Tuesday, March 25, 2008

The sun never sets on the in-school suspension room

When students at my school are suspended, which happens on a fairly regular basis, they have to spend the day in the in-school suspension room (which is really just the guidance counselor's office with a special code name). This is really more to give their classmates and teachers a break from them than a punishment for the suspended student, because all it means for them is that they're excused from regular classroom routines and expectations for the day. Students who are aggressive become more aggressive after being cooped up in a small office all day. Students who crave unlimited attention -- positive or negative -- get exactly what they want in the suspension room, because they're alone with a teacher. (School policy is that teachers are never to be alone with just one student, but this happens all the time in the suspension room.)

When a student is in the suspension room, a rotating cadre of teachers is assigned to cover the room -- including, of course, your own intrepid Miss Brave. My two periods a week in the suspension room are "schoolwide" periods, meaning that I wouldn't be doing anything else during those periods anyway except using them as extra preps. But other teachers assigned to the suspension room are Academic Intervention Services teachers, meaning that they're being pulled away from providing services to our neediest students in order to sit in a room with a suspended student. They used to put memos in our mailboxes when the suspension room was in effect, but now it's open so frequently that they can't keep up and they just make announcements over the loudspeaker. I typically don't hear these announcements, since I'm out of the building first period, which forces other teachers to come looking for me and then I feel like a jerk. But the teachers who cover the room after me are also almost always late; I would estimate that in the past few months I've lost at least an entire prep period's worth of time (five minutes here, ten minutes there) to waiting for my suspension room replacement.

Sometimes our school is sent students from other schools who have been suspended. As you can imagine, this makes a difficult situation worse because we the teachers don't know the students or why they've been suspended, and the students are in a strange environment with strange adults and are expected to make a smooth transition from one adult to the next every 55 minutes.

The suspension room is the only place in my school where I've felt genuinely unsafe. It's the only place I've had students touch me or threaten to touch me in an aggressive manner. It's an ugly combination of factors: emotionally disturbed and angry students + young, inexperienced teacher without crisis intervention training + small office without outside stimulation minus any kind of guidance or support = implosion. No one, for example, has ever explained to me what kind of interaction I'm supposed to have with these students; ostensibly they're supposed to be doing work that's provided to them by their classroom teachers, but it's essentially busywork and they can tell, which is why a majority of them spend their time staring at the walls or trying to pick fights with me. Am I supposed to ignore them? Am I supposed to encourage them to do their work, but try to keep my interaction minimal? Am I supposed to offer them my support?
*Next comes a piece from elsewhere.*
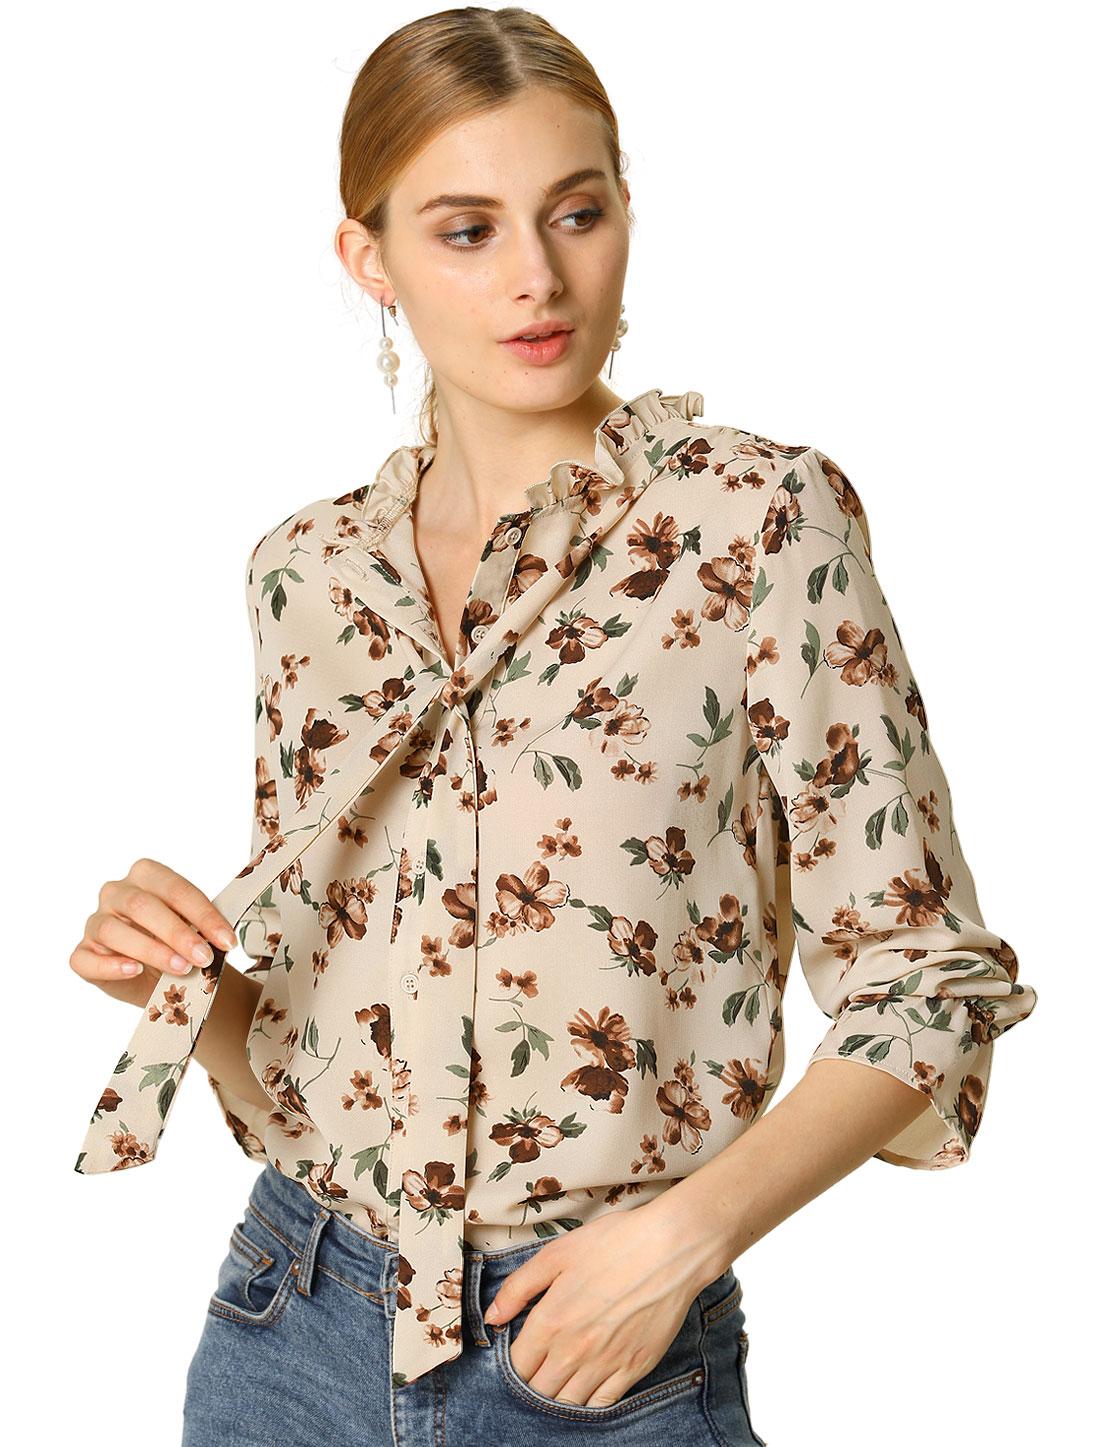 Allegra K Women's Floral Ruffle Tie Neck Long Sleeve Blouse Beige XS

No one has ever told me who to call when suspended students start to go beserk, which has happened to me on a few occasions while no other adults were in the office. No one has ever advised me what to do when students start peeling things off the walls and tossing them in the garbage can, or pushing buttons on the copier, or banging large wooden blocks furiously against the table. (All of those things happened during one memorable hour with my most challenging second grader; in the grand culmination, he grabbed my wrists and forced them away from a garbage can lid that he happened to be swinging, and how could we respond? By bribing him with choice time for ten minutes of "reading.")

Twice a week, I leave the suspension room feeling frustrated, exhausted, disillusioned, and emotionally broke down. Today, for instance, my suspension room coverage ended in tears...and I'm not talking about the suspended student. (He physically assaulted at least two teachers in the last two days, so I consider myself fortunate that I at least escaped without bodily injury.)

There has got to be a better way.

1 comment:

k said...

I know exactly the feeling. I've been working in public schools for about 10 years, but this year was the first time that I have been physically assaulted by students. I mean, they're seven, so they can't really hurt me, but I've been shocked that they cross that line...and horrified that the administration doesn't seem that appalled. It's incredibly draining to be around angry, destructive kids.